The UNIL archives attempt to reflect the full range of the University's missions and functions from 1945 onwards.
To date:
You can find documents relating to archive management at UNIL in our Documents to download section.
An archive is a collection of documents produced or received by an administration, an individual, an organisation, etc. as part of its activities. Each fonds has a unique producer.
Funds are closed or open depending on whether or not the organisation has ceased its activity. UNIL's conserved funds are of three types.
Directorates, colleges, faculties, etc. These are the most numerous because their transfer to the archives is required by law. They are governed by a classification plan and common conservation rules; they respond to administrative, legal and historical needs.
Institute, centre, section, etc. They mainly comprise documents relating to the university's teaching and research missions and have their own conservation rules. Their purpose is exclusively historical. If the units request their deposit, it is accepted.
Professors, associations, etc. the almost systematic presence of personal documents in these fonds leads to the signing of a donation agreement which specifies the transfer of ownership and governs the conditions of conservation and consultation. The purpose of these collections is exclusively historical. Given their number and volume, they are not subject to an institutional collecting policy.
Detailed inventories of our collections are available on request.
A collection is a set of documents, artificially brought together according to criteria of kinship, based on the nature of the documents or a common theme. They are not necessarily produced by a single person.

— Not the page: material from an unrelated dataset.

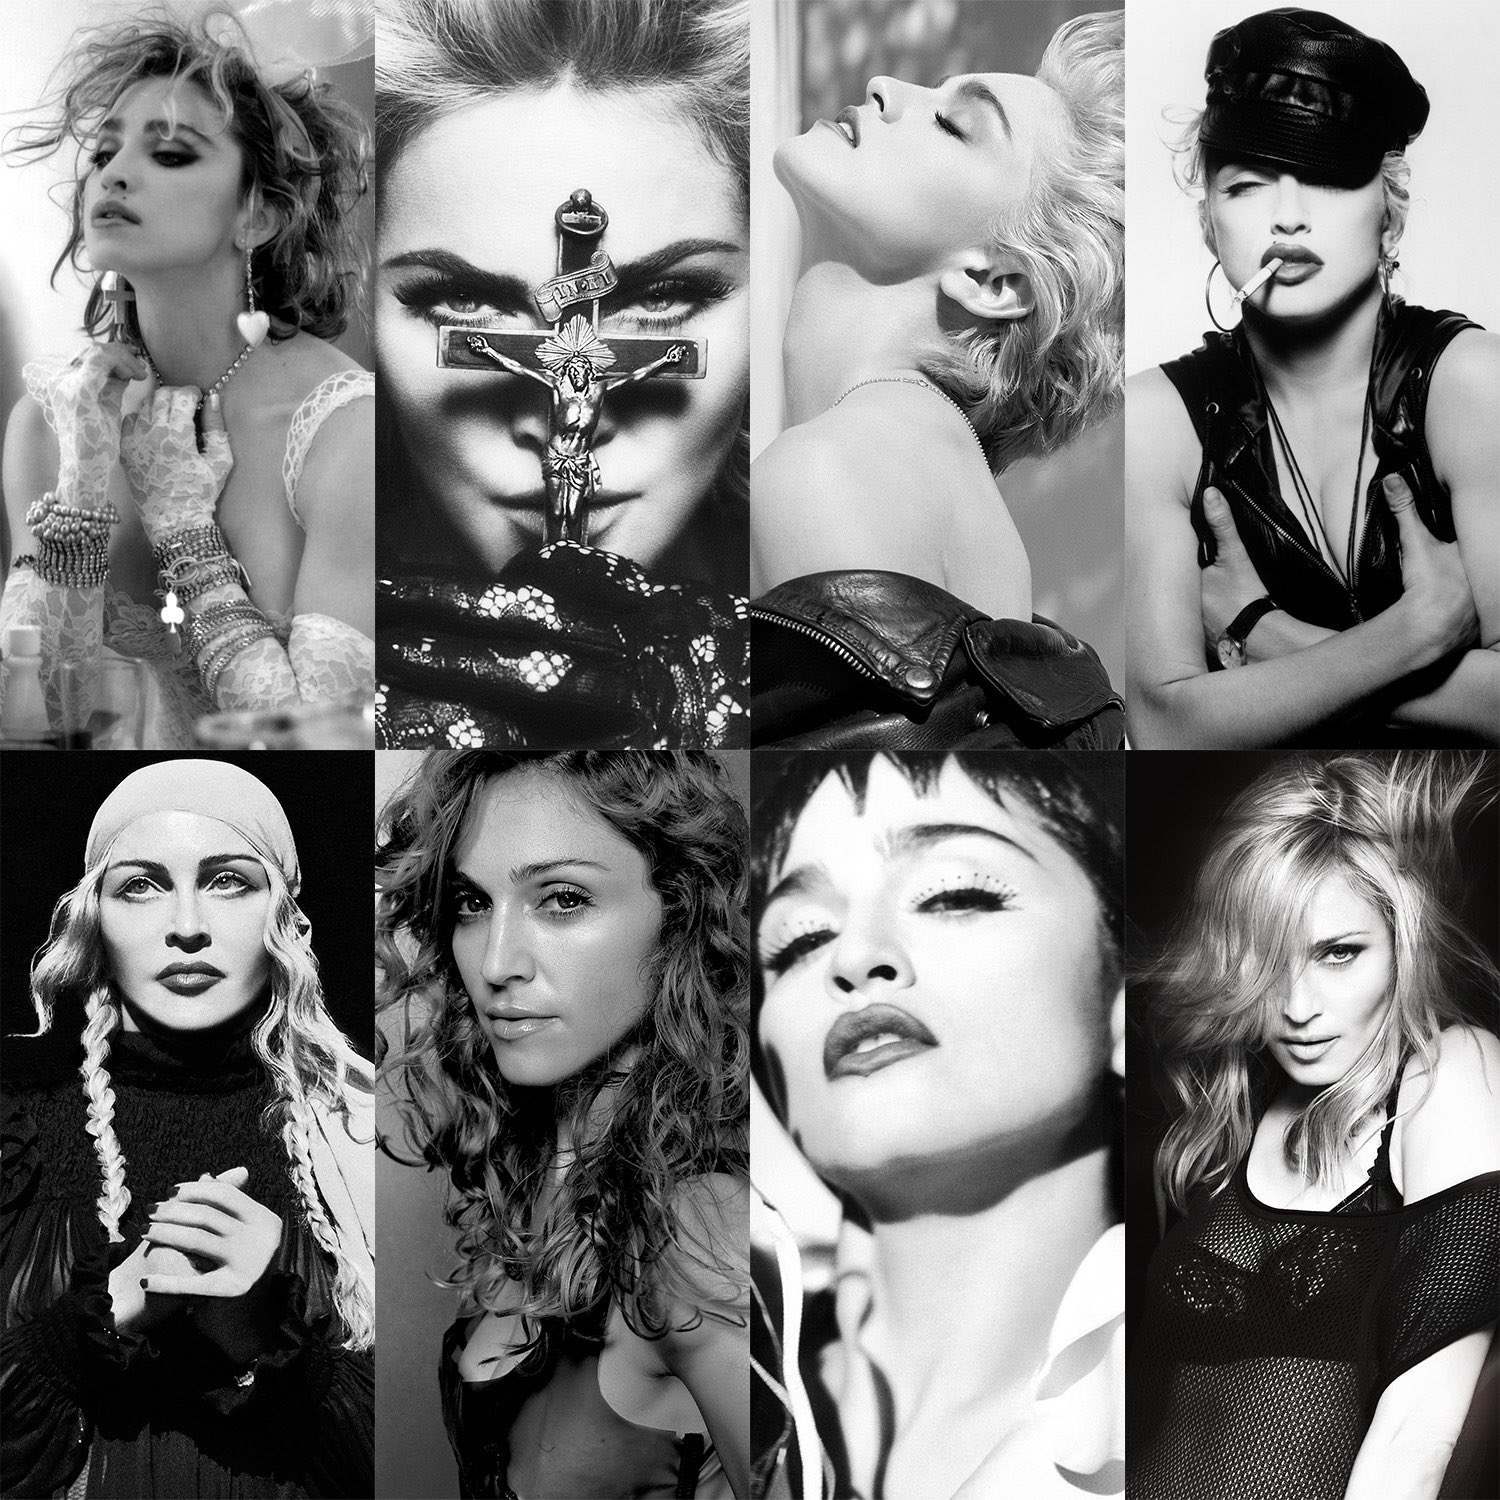 Madonna / Physical deluxe reissues confirmed for 2022 and beyond

The Archives houses four collections.
From the silver photos commissioned from photographer De Jongh by the Rectorate in 1923 to the digital photos of the 21st century, static iconographic documents relating to the University have accumulated to several tens of thousands of images. Some of these belong to the University, while others come from external conservation centres (ATS, Lausanne Historical Museum, Elysée Museum, etc.). The iconographic collection also collects and describes the University posters collected on the Dorigny site from 2009 onwards, etc..
Sound production has been developing at UNIL since the 1970s. Ten years later, moving images became popular. These documents, often produced on non-professional media, have been brought together in a single collection. Included are recordings of lectures, conferences, shows and institutional promotional films.
Since its origins, the University has collected gifts, medals, busts, pinglettes; it has sometimes collected or purchased works of art. Since 1987, the company has been selling decorative products (pens, T-shirts, USB keys, etc.). All of the three-dimensional objects reçus or produced by UNIL have been reéuni;ed into a speci;c collection.
Newspaper articles relating to UNIL have been collected over some fifty years by the Press Office. They were transferred to the archives when it was disbanded. Documentary files have been compiled as a result of research carried out in the archives. They have been inventoried and made available to researchers. Grey literature and books about UNIL complement the documentary collections kept in the archives.
In 2017, UNIRIS launched a project aimed at drawing up an inventory of university collections (whether scientific, artistic, administrative or other) at UNIL. A report on these collections has been produced.